- BRIEF
Output all the data exactly. Pictures do not belong in the copy.

- THE DATA

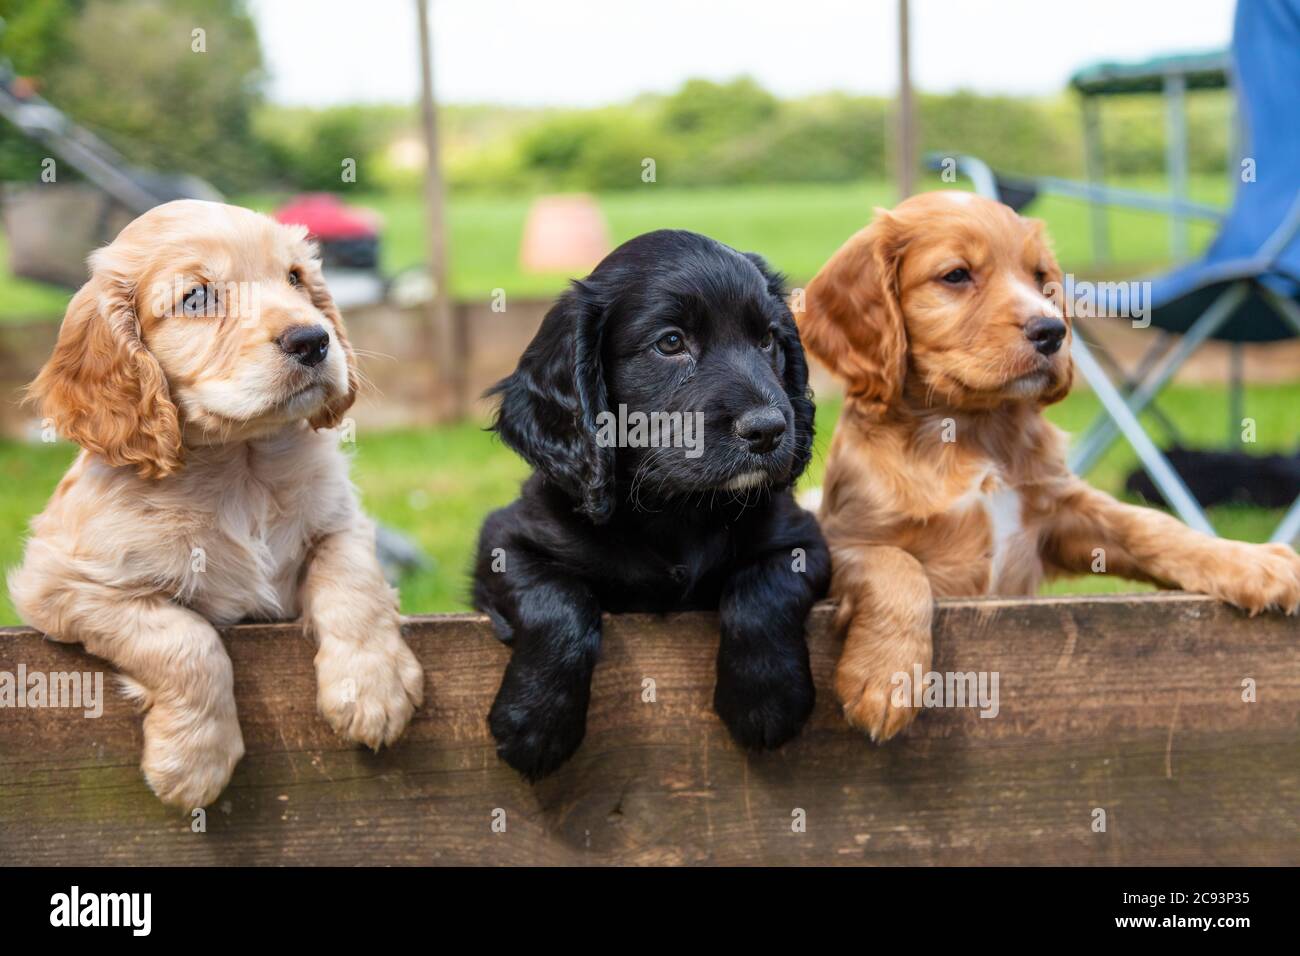 Three cute black and brown puppy dogs together leaning on a wooden fence outside Stock Photo
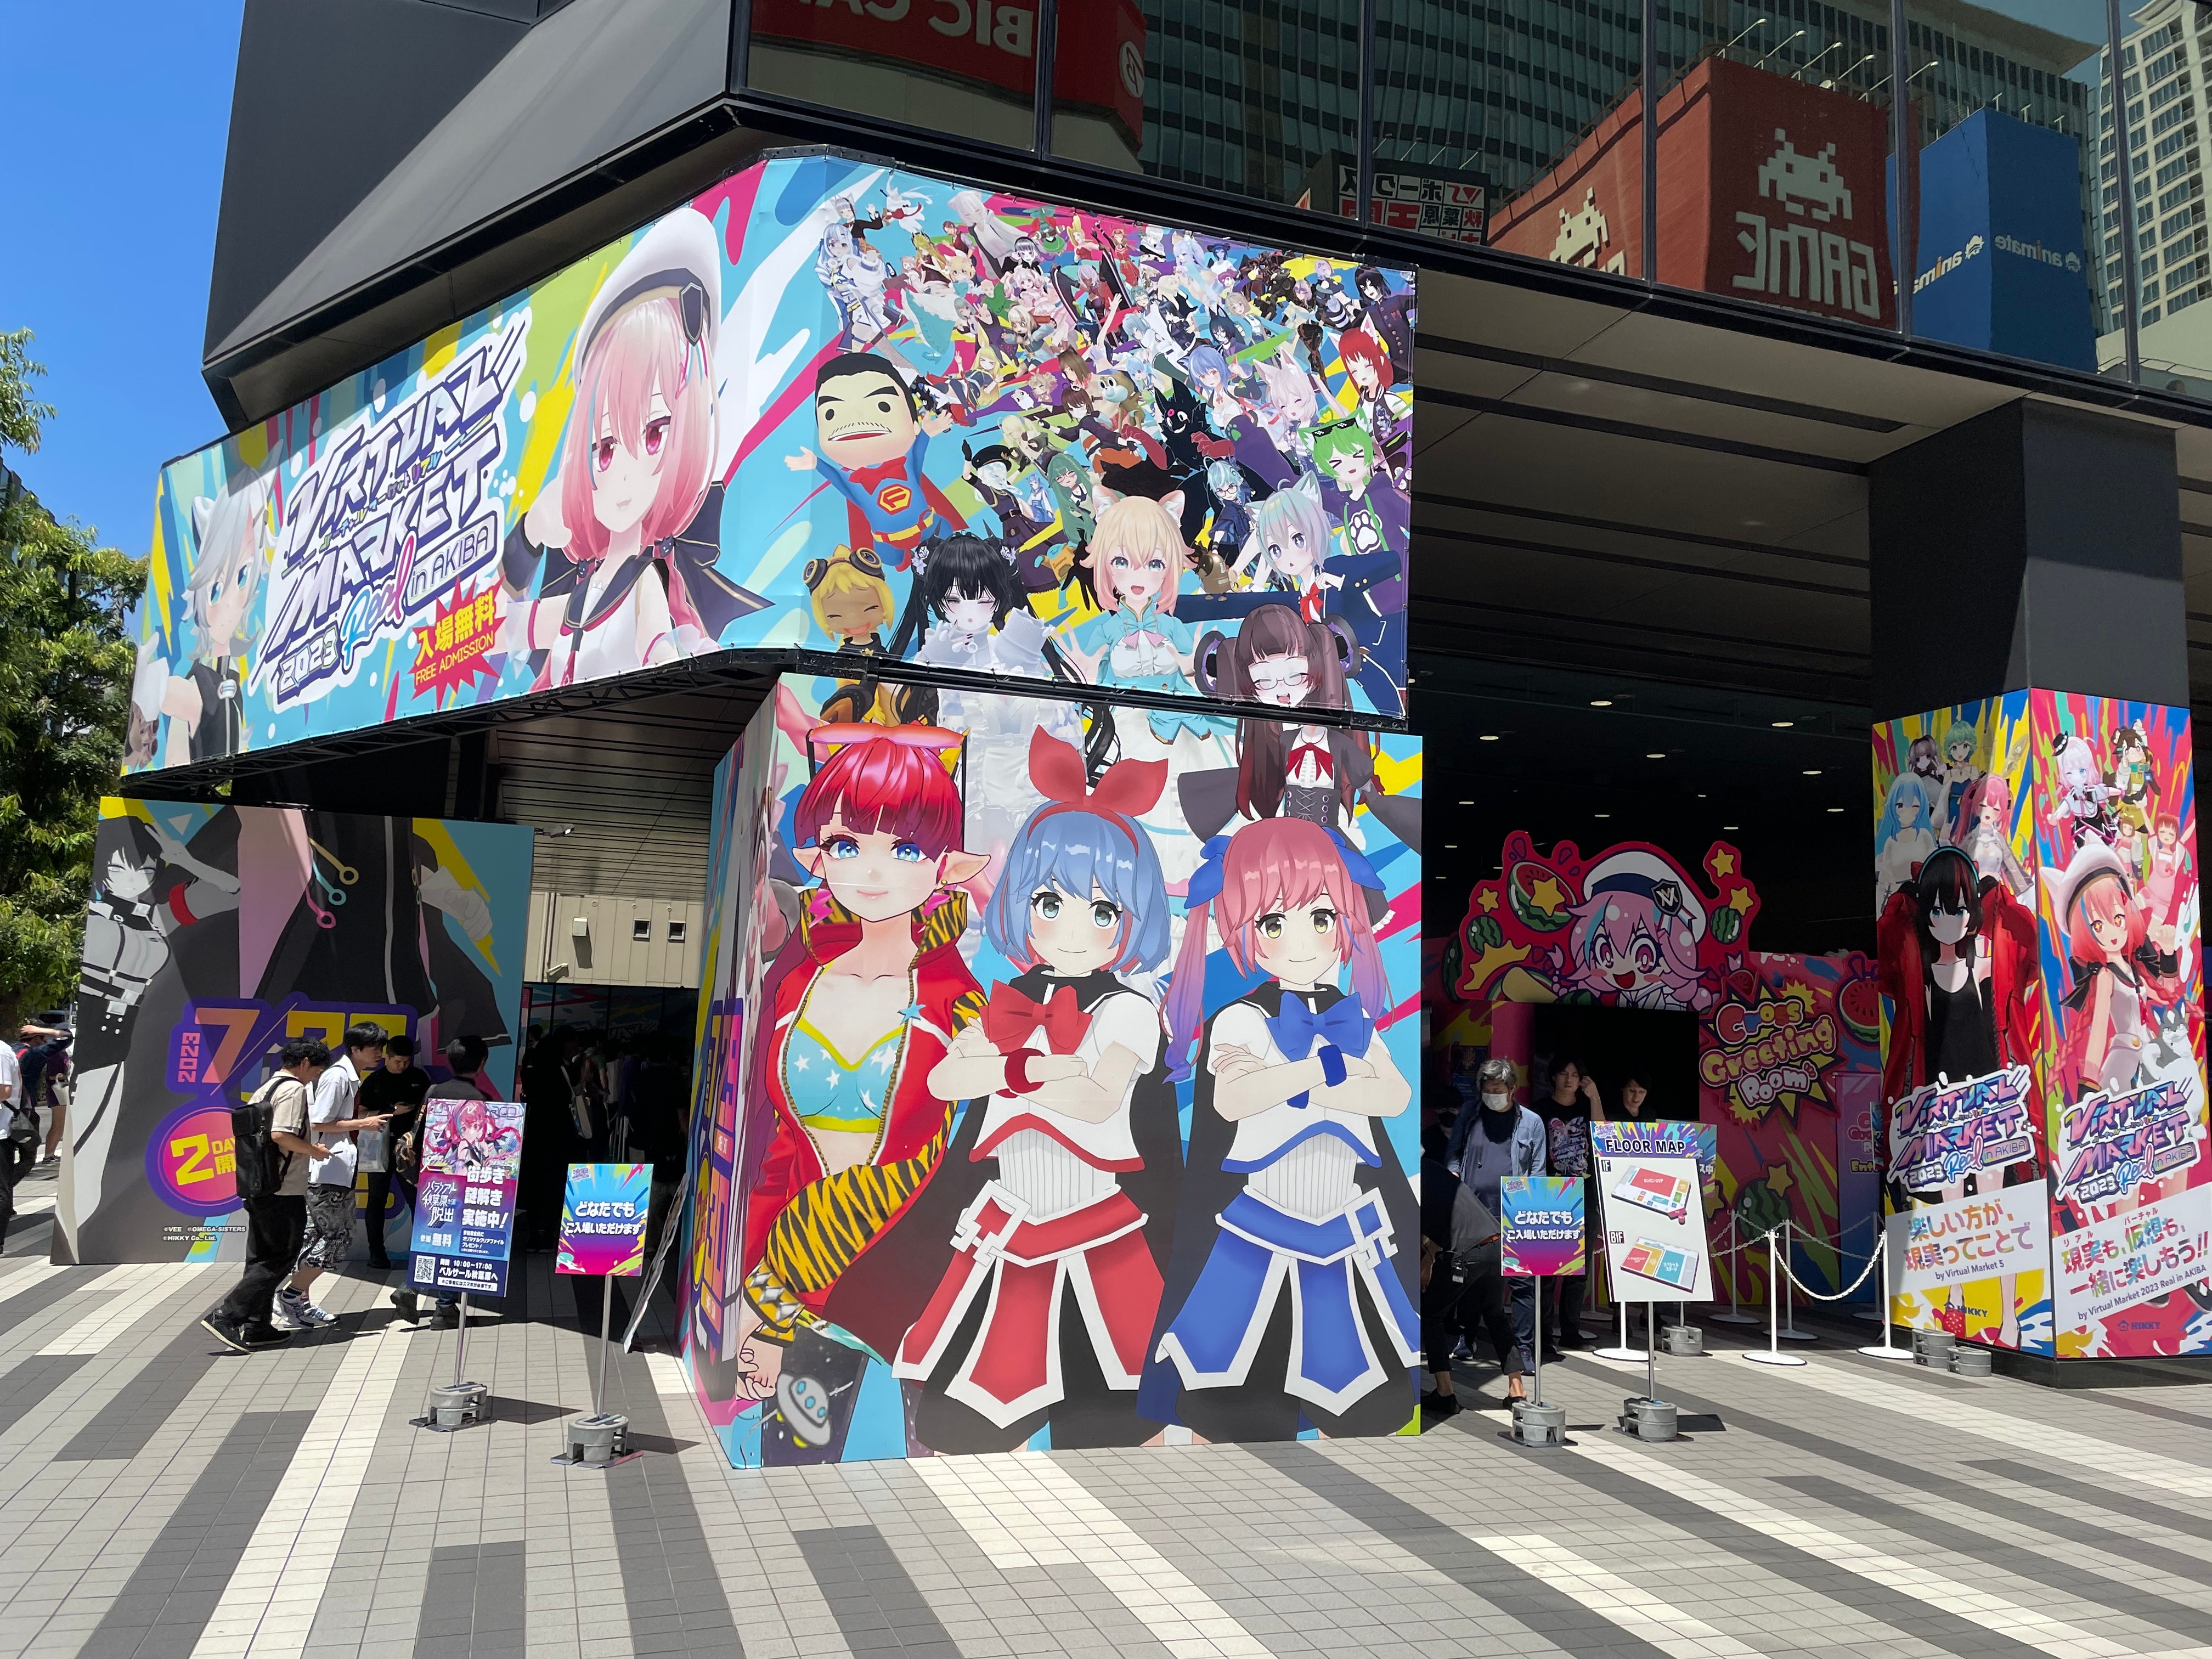 VR event with large posters with anime characters on
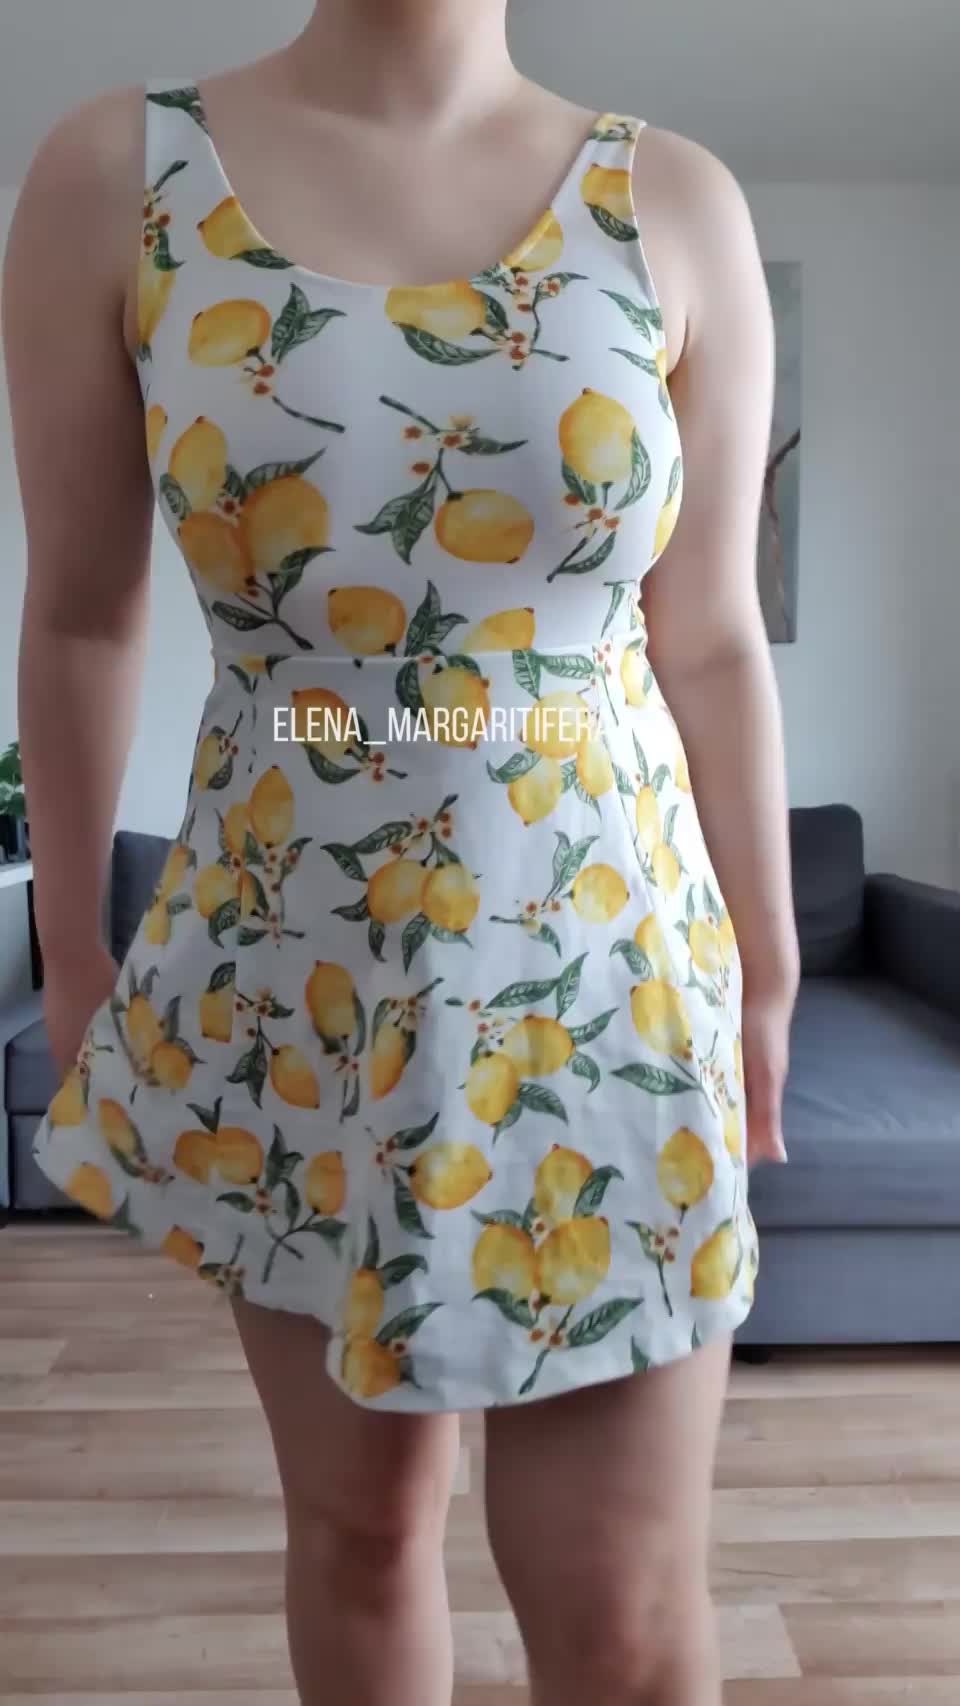 Wearing nothing under my dress means you can fuck me whenever you want

- REPLY
 Three cute black and brown puppy dogs together leaning on a wooden fence outside Stock Photo
 VR event with large posters with anime characters on
 Wearing nothing under my dress means you can fuck me whenever you want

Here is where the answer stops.